Calculate CI for chi-squared of the Friedman test in R I have a dataset (not normal distribution) with repeated measures over time. As such I was planning to use the Friedman.test in R:
friedman.test(dash ~ time | nr)

this gave:

Friedman rank sum test
data: dash and time and nr Friedman chi-squared = 105.26, df = 2, p-value < 2.2e-16

To calculate the CI of the chi-squared I tried the following:
friedman_boot <- function(data, indices) {
  return(friedman.test(dash ~ time | nr, data = data_t[indices, ])$statistic)
}

boot_results <- boot(data = data_t, statistic = friedman_boot, R = 1000)

boot_ci <- boot.ci(boot.out = boot_results, type = "perc", conf = 0.95)

boot_ci

which gave:
boot_results <- boot(data = data_t, statistic = friedman_boot, R = 1000) 

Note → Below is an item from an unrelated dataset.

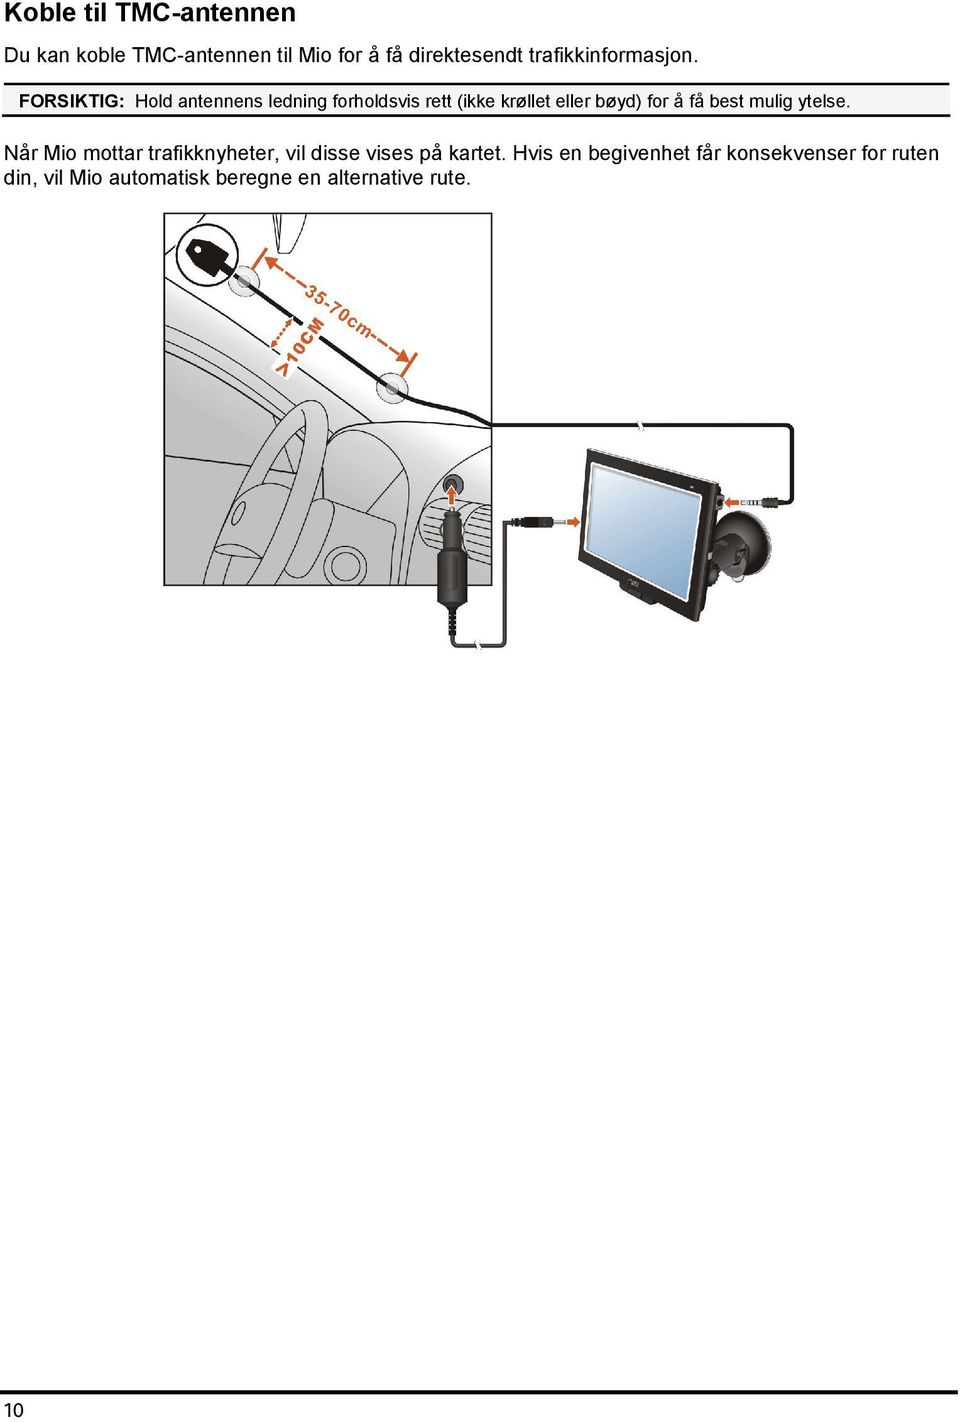 FORSIKTIG: Hold antennens ledning forholdsvis rett (ikke krøllet eller bøyd) for å få best

Error in friedman.test.default(mf[[1L]], mf[[2L]], mf[[3L]]) : not an unreplicated complete block design

I do not quite understand why this happens. Does anyone have another way to calculate CI for the test statistic?
 A: It's not clear why you need to calculate the CI for the Friedman statistic, particularly given the very small p-value, but here's a way to proceed if you do.
The problem is that the friedman.test() function, according to its R help page, requires "exactly one observation in [outcome] y for each combination of levels of groups and blocks," where the "group" is time in your case and "blocks" are your nr values. Your resampling leads to repeated nr values in the same group, violating that requirement.
You also don't seem to be resampling by block/nr, which would be more consistent with the original sampling: a set of individuals each followed over all time values. To do that, start by reshaping your data into wide format so that you select all observations for each nr value together. The tidyr nest() function can simplify that. After you've taken a bootstrap re-sample from the wide format, adjust the nr values so that there are no duplicates (to get around the warning from friedman.test()) and unnest() to long format for your tests.
A: I think the solution presented by @EdM is the correct approach to apply bootstrap for Friedman's test.
You may be interested in Kendall's W which is used as an effect size statistic for Friedman's test, and is a standardized version of the chi-square statistic from that test.
In R, one implementation is in the DescTools package (KendallW()). And I have a version which implements the confidence interval by bootstrap in the rcompanion package (kendallW()).
For each of these, the input is passed to the function as a table, e.g. by
 XT = xtabs(dash ~ time | nr, data = data_t)

If you conduct the bootstrap yourself, you might want to work with data in this table format.  The native friedman.test() function can also handle data in this format, so it should be easy to pass the bootstrap data to this function (without converting it back to long format).